File photo:Chocolate (Photo: Reuters)
Swedish researchers found that of more than 37,000 men followed for a decade, those who ate the most chocolate had a 17 percent lower risk of stroke than men who avoided chocolate.
The chocolate-loving group typically had the equivalent of a third of a cup of chocolate chips each week.
The study, published in the journal Neurology, is hardly the first to link chocolate to cardiovascular benefits. Several have suggested that chocolate fans have lower rates of certain risks for heart disease and stroke, like high blood pressure.
The current findings are based on 37,100 Swedish men ages 49 to 75 who reported on their usual intake of chocolate and other foods. Over the next 10 years, 1,995 men suffered a first-time stroke.
Among men in the top 25 percent for chocolate intake, the stroke rate was 73 per 100,000 men per year.

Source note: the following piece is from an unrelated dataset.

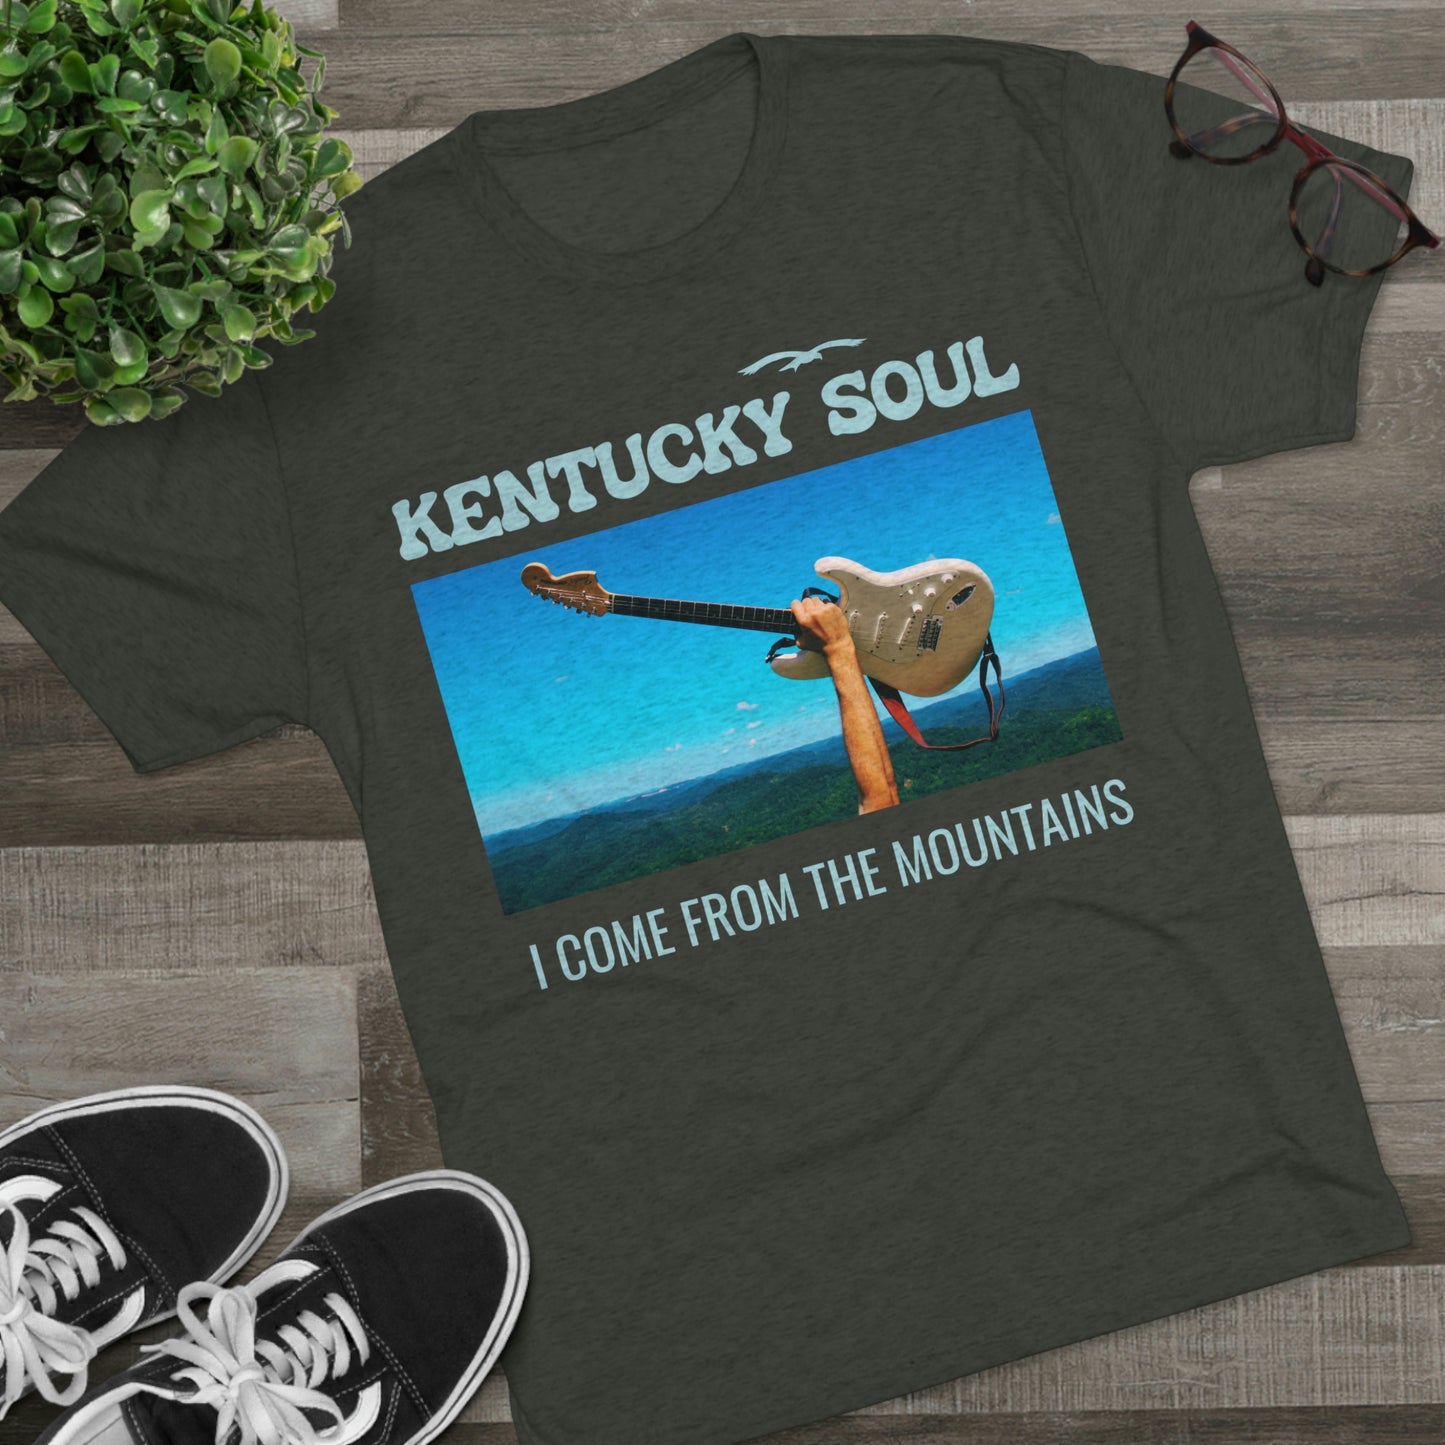 Men's I Come From the Mountains Single Cover Tri-Blend- Tee

That compared with a rate of 85 per 100,000 among men who ate the least chocolate, report the researchers, led by Susanna Larsson of the Karolinska Institute in Stockholm.
Larsson's team had information on some other factors - like the men's weight and other diet habits, whether they smoked and whether they had high blood pressure. Even with those things considered, men who ate the most chocolate had a 17 percent lower stroke risk.

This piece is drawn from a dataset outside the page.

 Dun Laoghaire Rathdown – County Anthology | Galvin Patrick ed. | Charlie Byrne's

Still, Libman said, there could be unmeasured factors that would account for the chocolate-stroke connection.
It's always possible, he noted, that men who ate chocolate were already in generally better health, and saw themselves that way. So they might have felt freer to "indulge" in chocolate than other men did.
‘JUST A THEORY'
There are reasons to believe chocolate could have real effects. "The beneficial effect of chocolate consumption on stroke may be related to the flavonoids in chocolate," Larsson said in a written release from the journal. (She could not be reached for comment.)
Flavonoids are compounds that act as antioxidants and may, based on studies, have positive effects on blood pressure, cholesterol and blood vessel function.
For women who are wondering if the current findings might apply to them, Larsson's team found similar results in a study of 33,000 Swedish women last year. But the same caveats also apply.